A Coding Implementation for Creating, Annotating, and Visualizing Complicated Organic Data Graphs Utilizing PyBEL

June 25, 2025

89

On this tutorial, we discover how one can leverage the PyBEL ecosystem to assemble and analyze wealthy organic data graphs instantly inside Google Colab. We start by putting in all mandatory packages, together with PyBEL, NetworkX, Matplotlib, Seaborn, and Pandas. We then show how one can outline proteins, processes, and modifications utilizing the PyBEL DSL. From there, we information you thru the creation of an Alzheimer’s disease-related pathway, showcasing how one can encode causal relationships, protein–protein interactions, and phosphorylation occasions. Alongside graph building, we introduce superior community analyses, together with centrality measures, node classification, and subgraph extraction, in addition to methods for extracting quotation and proof knowledge. By the top of this part, you’ll have a completely annotated BEL graph prepared for downstream visualization and enrichment analyses, laying a stable basis for interactive organic data exploration.

!pip set up pybel pybel-tools networkx matplotlib seaborn pandas -q


import pybel
import pybel.dsl as dsl
from pybel import BELGraph
from pybel.io import to_pickle, from_pickle
import networkx as nx
import matplotlib.pyplot as plt
import pandas as pd
import seaborn as sns
from collections import Counter
import warnings
warnings.filterwarnings('ignore')


print("PyBEL Superior Tutorial: Organic Expression Language Ecosystem")
print("=" * 65)

We start by putting in PyBEL and its dependencies instantly in Colab, guaranteeing that each one mandatory libraries, NetworkX, Matplotlib, Seaborn, and Pandas, can be found for our evaluation. As soon as put in, we import the core modules and suppress warnings to maintain our pocket book clear and centered on the outcomes.

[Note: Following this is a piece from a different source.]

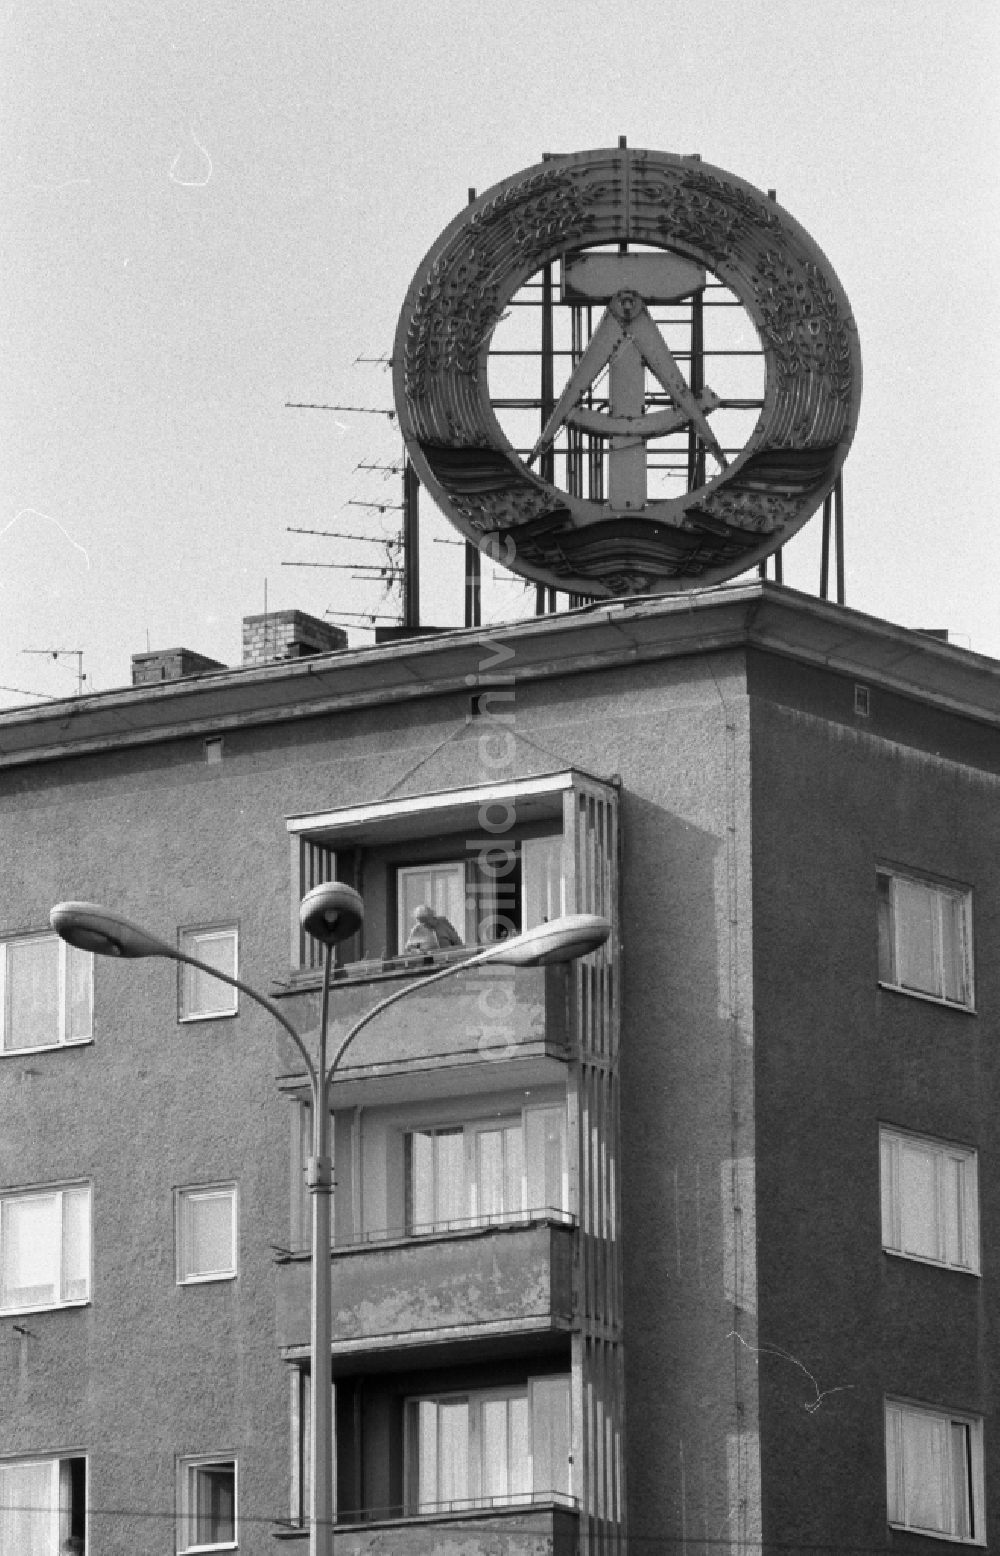 DDR-Fotoarchiv: Berlin - Symbol auf dem Dach eines Wohnhauses in Berlin auf dem Gebiet der ehemaligen DDR, Deutsche Demokratische Republik

print("n1. Constructing a Organic Data Graph")
print("-" * 40)


graph = BELGraph(
   title="Alzheimer's Illness Pathway",
   model="1.0.0",
   description="Instance pathway displaying protein interactions in AD",
   authors="PyBEL Tutorial"
)


app = dsl.Protein(title="APP", namespace="HGNC")
abeta = dsl.Protein(title="Abeta", namespace="CHEBI")
tau = dsl.Protein(title="MAPT", namespace="HGNC")
gsk3b = dsl.Protein(title="GSK3B", namespace="HGNC")
irritation = dsl.BiologicalProcess(title="inflammatory response", namespace="GO")
apoptosis = dsl.BiologicalProcess(title="apoptotic course of", namespace="GO")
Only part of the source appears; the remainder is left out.